No documento, a corporação diz que não era possível, até o momento, "identificar a participação moral e material do jornalista Glenn Greenwald nos crimes investigados".

Promotores e procuradores ouvidos pela reportagem afirmaram que, mesmo sem indiciamento pela Polícia Federal, o Ministério Público tem o direito de oferecer a denúncia.

A cúpula da Procuradoria-Geral da República também considera que Glenn pode ser denunciado, apesar de não ter sido investigado.

A Associação Nacional de Membros do Ministério Público, MP Pró-Sociedade, chegou a emitir nota pedindo ao Procurador-Geral da República, Augusto Aras, "defesa intransigente" da atuação de Wellington Divino Marques de Oliveira, indicando que o procurador "exerceu, dentro de suas atribuições legais e constitucionais, a proteção implacável da ordem jurídica brasileira".

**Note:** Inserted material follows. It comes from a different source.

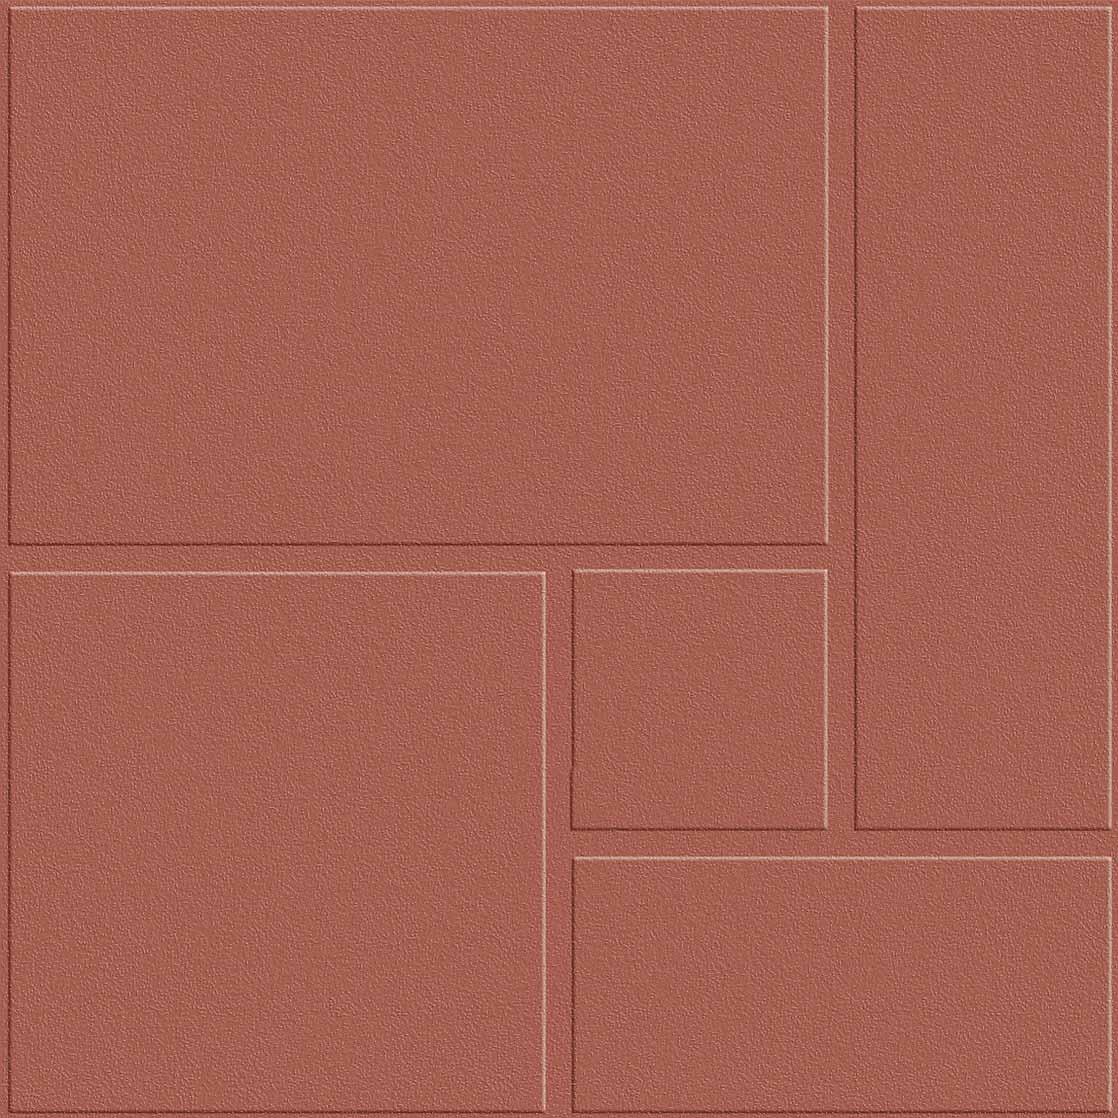 Gạch Cotto tráng men 400x400 Viglacera D408 giá rẻ
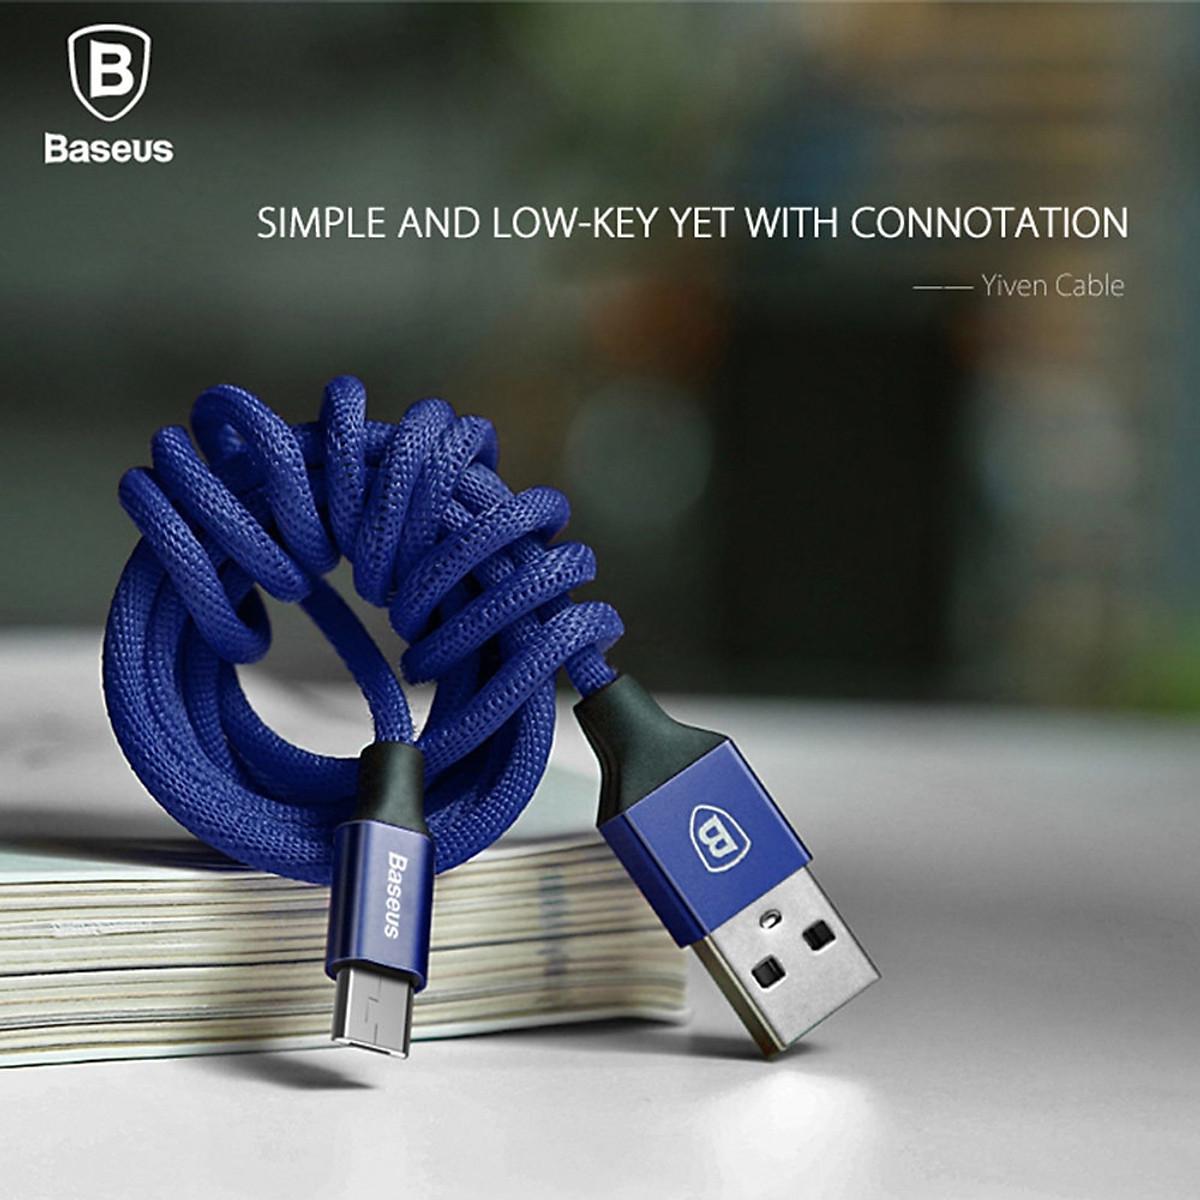 Cáp sạc USB ra Micro USB Baseus Yiven dài 1m - Hàng chính hãng - 3

A Ordem dos Advogados do Brasil, criminalistas ouvidos pela reportagem, além de entidades do jornalismo, como a Associação Brasileira de Jornalismo Investigativo, contestam o mérito da denúncia, e afirmam que os diálogos expostos na acusação não permitem a interpretação que o procurador deu a eles.

A Associação Brasileira de Juristas pela Democracia (ABJD) ainda protocolou uma representação contra Wellington Divino por "evidente prática de abuso de autoridade" na peça. A entidade pede que seja instaurado procedimento de investigação para "apuração de conduta ilícita".